▶ [Supplied information]:
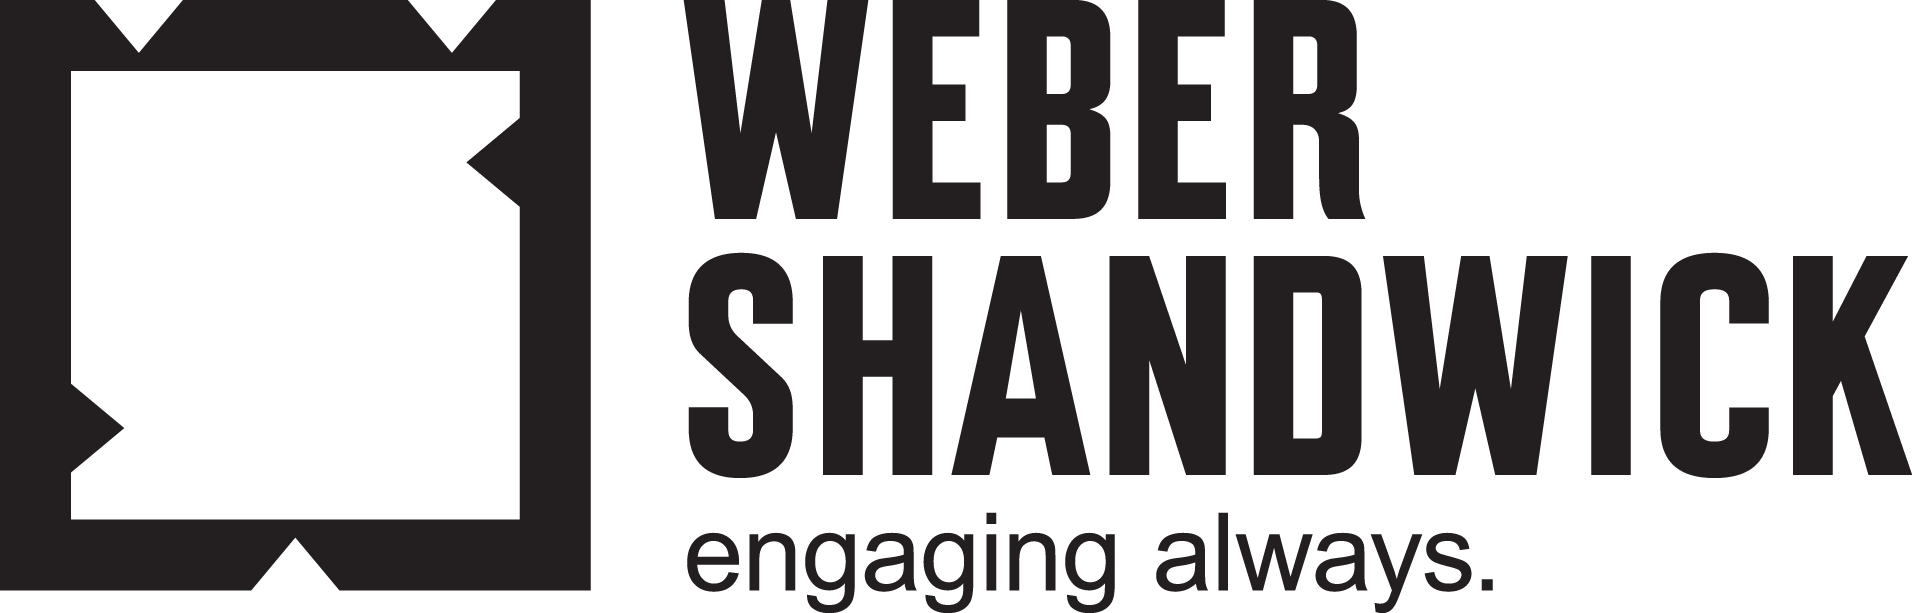 Weber Shandwick - Weber Shandwick Vector, Transparent background PNG HD thumbnail
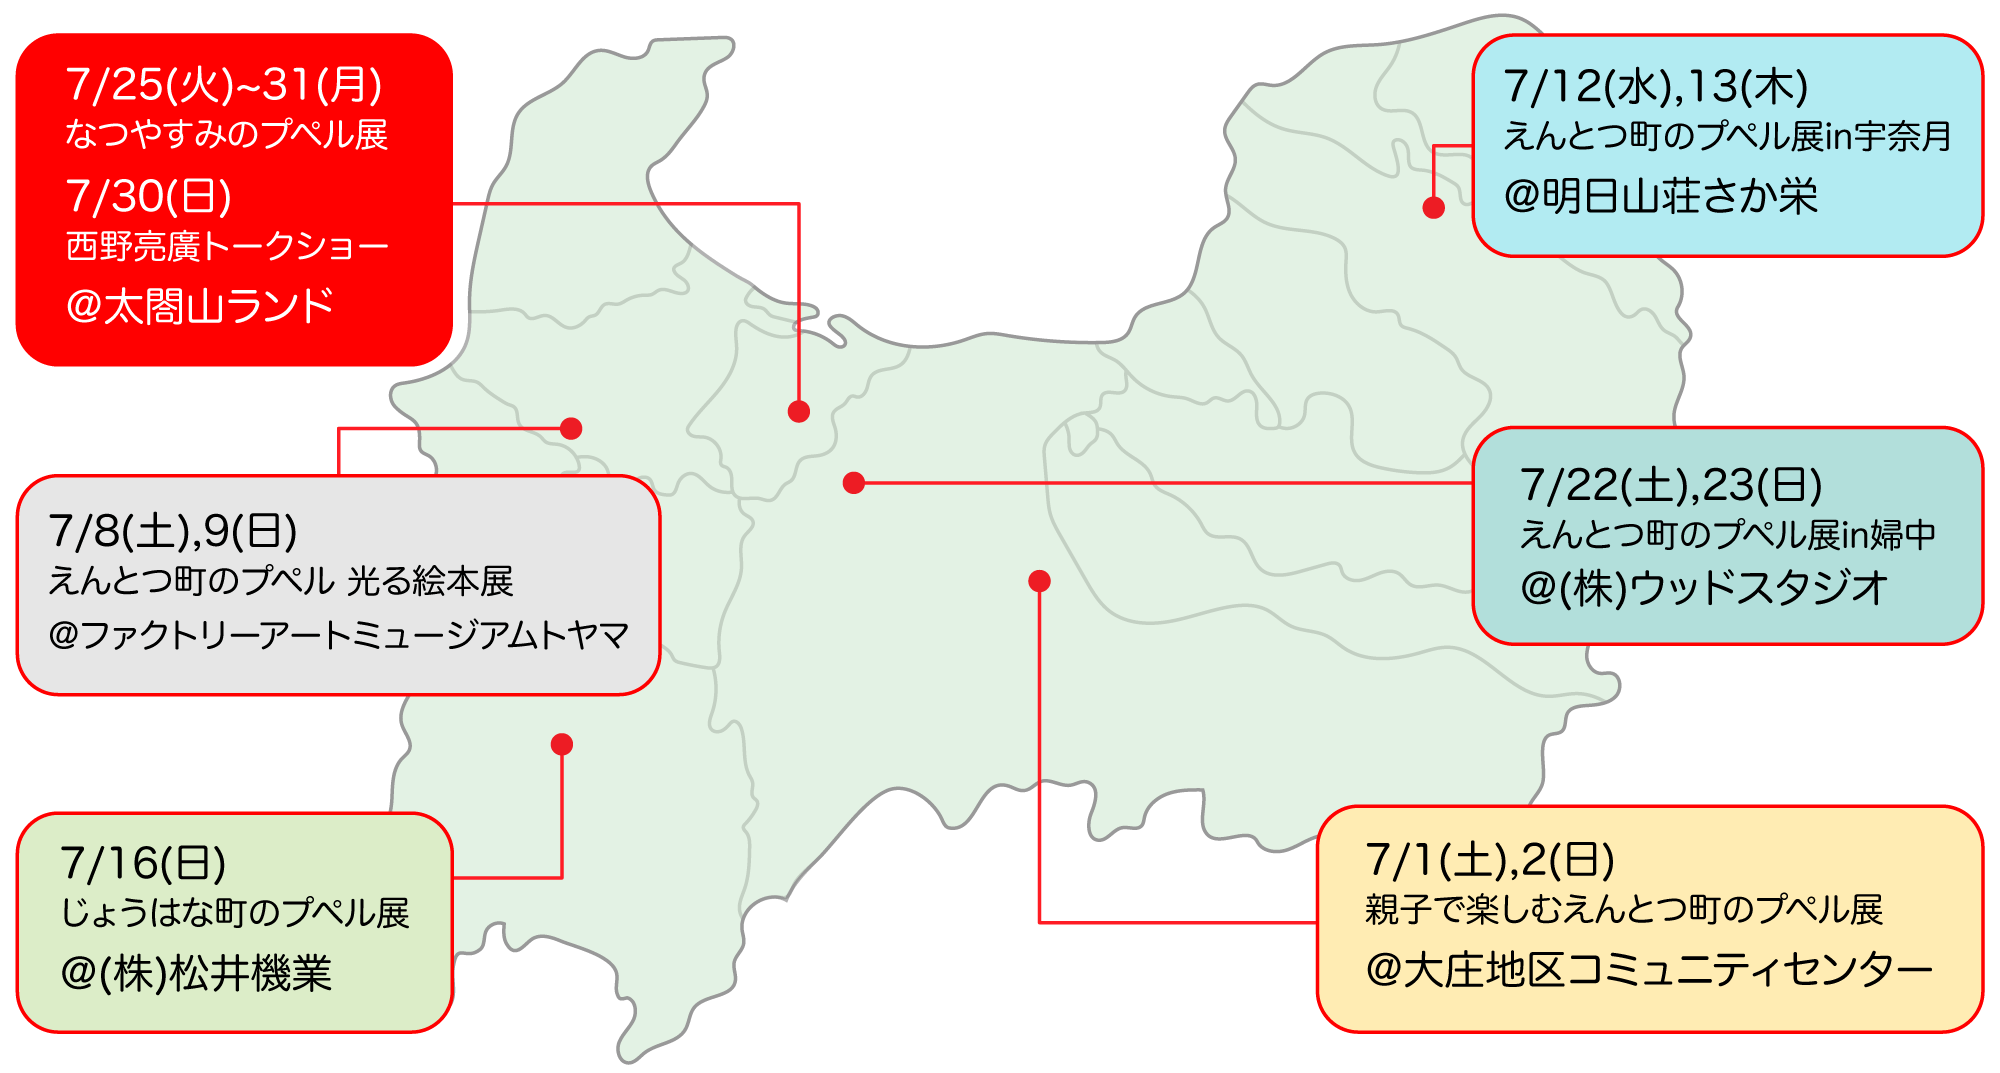 えんとつ町のプペル展in富山のスケジュールマップ
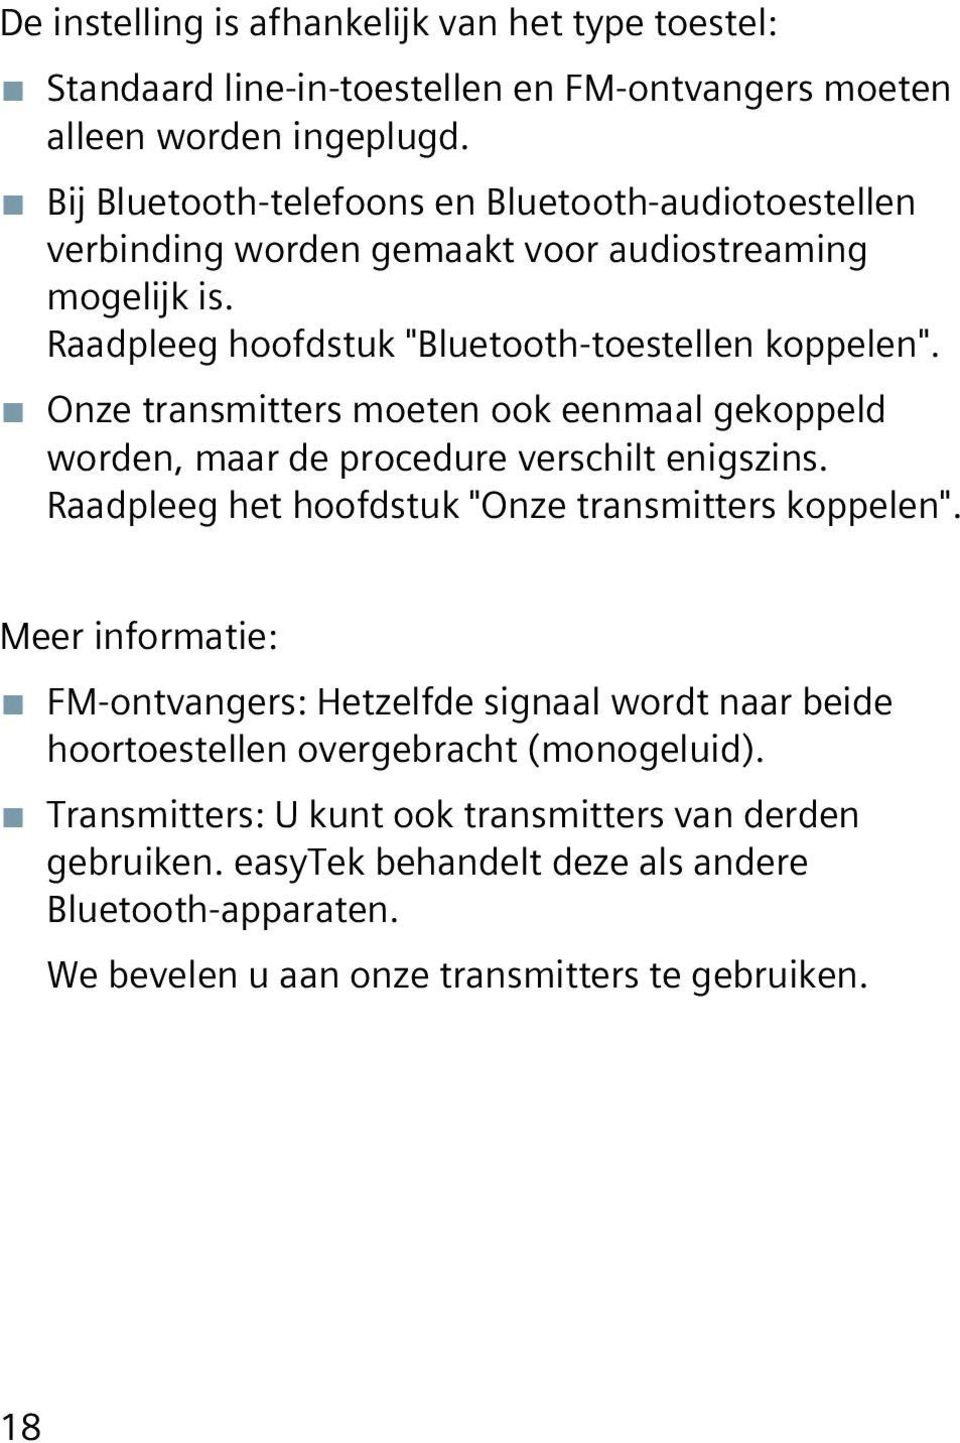 Onze transmitters moeten ook eenmaal gekoppeld worden, maar de procedure verschilt enigszins. Raadpleeg het hoofdstuk "Onze transmitters koppelen".

▶ [What needs to be done]:
Since the pictures are not wanted, transcribe the rest of the listing above exactly.

▶ [Result of this task]:
 Weber Shandwick - Weber Shandwick Vector, Transparent background PNG HD thumbnail
 えんとつ町のプペル展in富山のスケジュールマップ
 Onze transmitters moeten ook eenmaal gekoppeld worden, maar de procedure verschilt enigszins. Raadpleeg het hoofdstuk "Onze transmitters koppelen".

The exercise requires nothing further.